Find duplicates in array, print count with pair

68 views Asked by At

I have an array of value,location pairs

arr=(test,meta my,amazon test,amazon this,meta test,google my,google hello,microsoft)

I want to print the duplicate values, the number/count of them, along with the location.

For example:

3 test: meta, amazon, google
2 my: amazon, google
1 this: meta
1 hello: microsoft

Here test appears 3 times, in meta, amazon, and google

So far, this code will print the item and location

printf '%s\n' "${arr[@]}" | awk -F"," '!_[$1]++'
test,meta
my,amazon
this,meta
hello,microsoft

This will print the count, but it's taking in the value,location as one value

printf '%s\n' "${arr[@]}" | sort | uniq -c | sort -r
   1 my,amazon
   1 my,google
   1 this,meta
   1 test,meta
   1 test,google
   1 test,amazon
   1 hello,microsoft
4

There are 4 answers

3
anubhava On BEST ANSWER

You may consider this solution that would with any version of awk:

printf '%s\n' "${arr[@]}" |
awk -F, '
{
   row[$1] = (fq[$1]++ ? row[$1] ", " : "") $2
}
END {
   for (k in fq)
      print fq[k], k ":", row[k]
}' | sort -rn -k1

3 test: meta, amazon, google
2 my: amazon, google
1 this: meta
1 hello: microsoft

Note that, I have used sort to get output as per your shown expected output. If you don't care about ordering that you can remove sort command.

1
Ed Morton On

Using GNU awk for arrays of arrays and length(array):

$ cat ./tst.sh
#!/usr/bin/env bash

arr=(test,meta my,amazon test,amazon this,meta test,google my,google hello,microsoft)

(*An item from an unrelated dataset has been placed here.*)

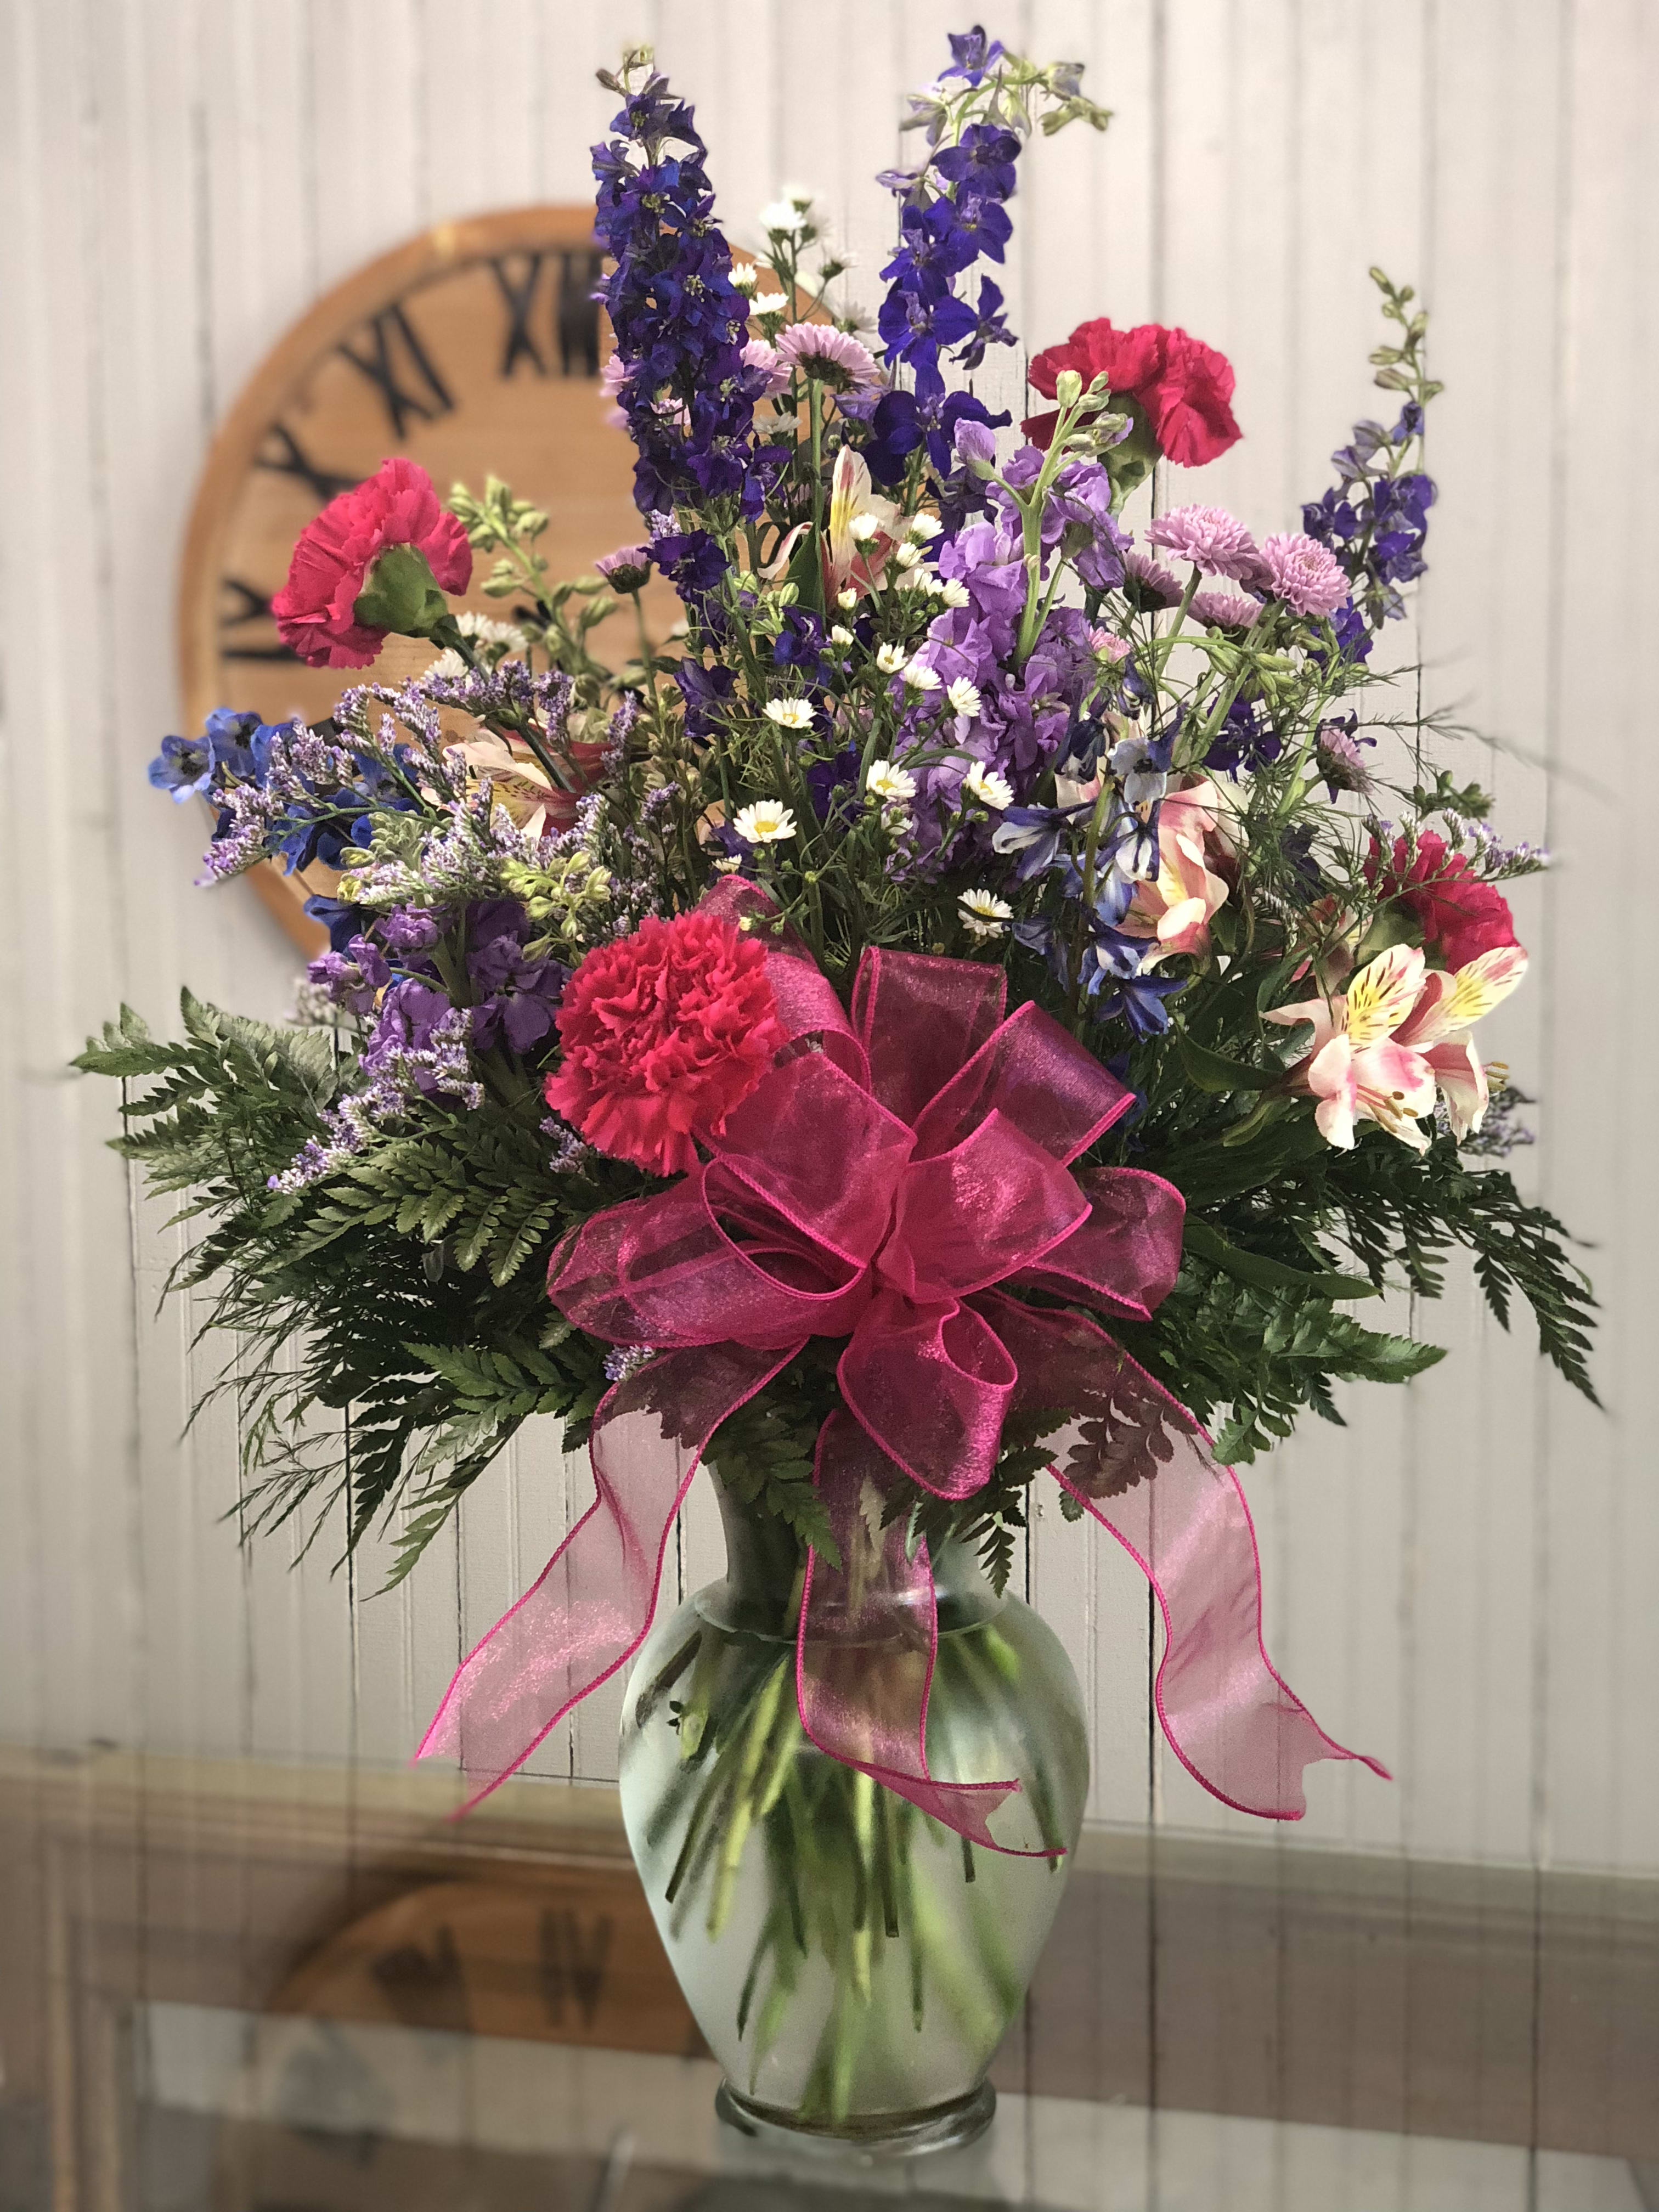 Purple Meadow - This is a large bouquet full of wildflowers in the colors of pinks, purples, and blues.  It looks as though they have been picked freshly from a meadow.

printf '%s\n' "${arr[@]}" |
awk -F',' '
    { vals_locs[$1][$2] }
    END {
        for ( val in vals_locs ) {
            out = length(vals_locs[val]) " " val ": "
            sep = ""
            for ( loc in vals_locs[val] ) {
                out = out sep loc
                sep = ", "
            }
            print out
        }
    }
'

$ ./tst.sh
1 hello: microsoft
1 this: meta
2 my: google, amazon
3 test: google, amazon, meta
0
oguz ismail On

With bash only:

arr=(test,meta my,amazon test,amazon this,meta test,google my,google hello,microsoft)

declare -Ai count
declare -A locations

for pair in "${arr[@]}"; do
  value=${pair%%,*}
  location=${pair#*,}
  count[$value]+=1
  locations[$value]+="$location, "
done

for value in "${!locations[@]}"; do
  printf '%d %s: %s\n' ${count[$value]} "$value" "${locations[$value]%, }"
done
0
dawg On

Here is a Ruby to do that:

#!/bin/bash

arr=(test,meta my,amazon test,amazon this,meta test,google my,google hello,microsoft)

ruby -F, -lane 'BEGIN{ grps=Hash.new{|h,k| h[k]=[]} }
grps[$F[0]] << $F[1]
END{ grps.each{|k,v| puts "#{v.length} #{k}: #{v.join(", ")}"} }
' <(printf '%s\n' "${arr[@]}")

Or a two pass awk:

awk -F, 'FNR==NR{cnt[$1]++; line[$1]=$1 in line ? line[$1] ", " $2 : $2; next}
!($1 in p){printf "%s %s: %s\n", cnt[$1],$1,line[$1]; p[$1]}
' <(printf '%s\n' "${arr[@]}") <(printf '%s\n' "${arr[@]}")

Either prints

3 test: meta, amazon, google
2 my: amazon, google
1 this: meta
1 hello: microsoft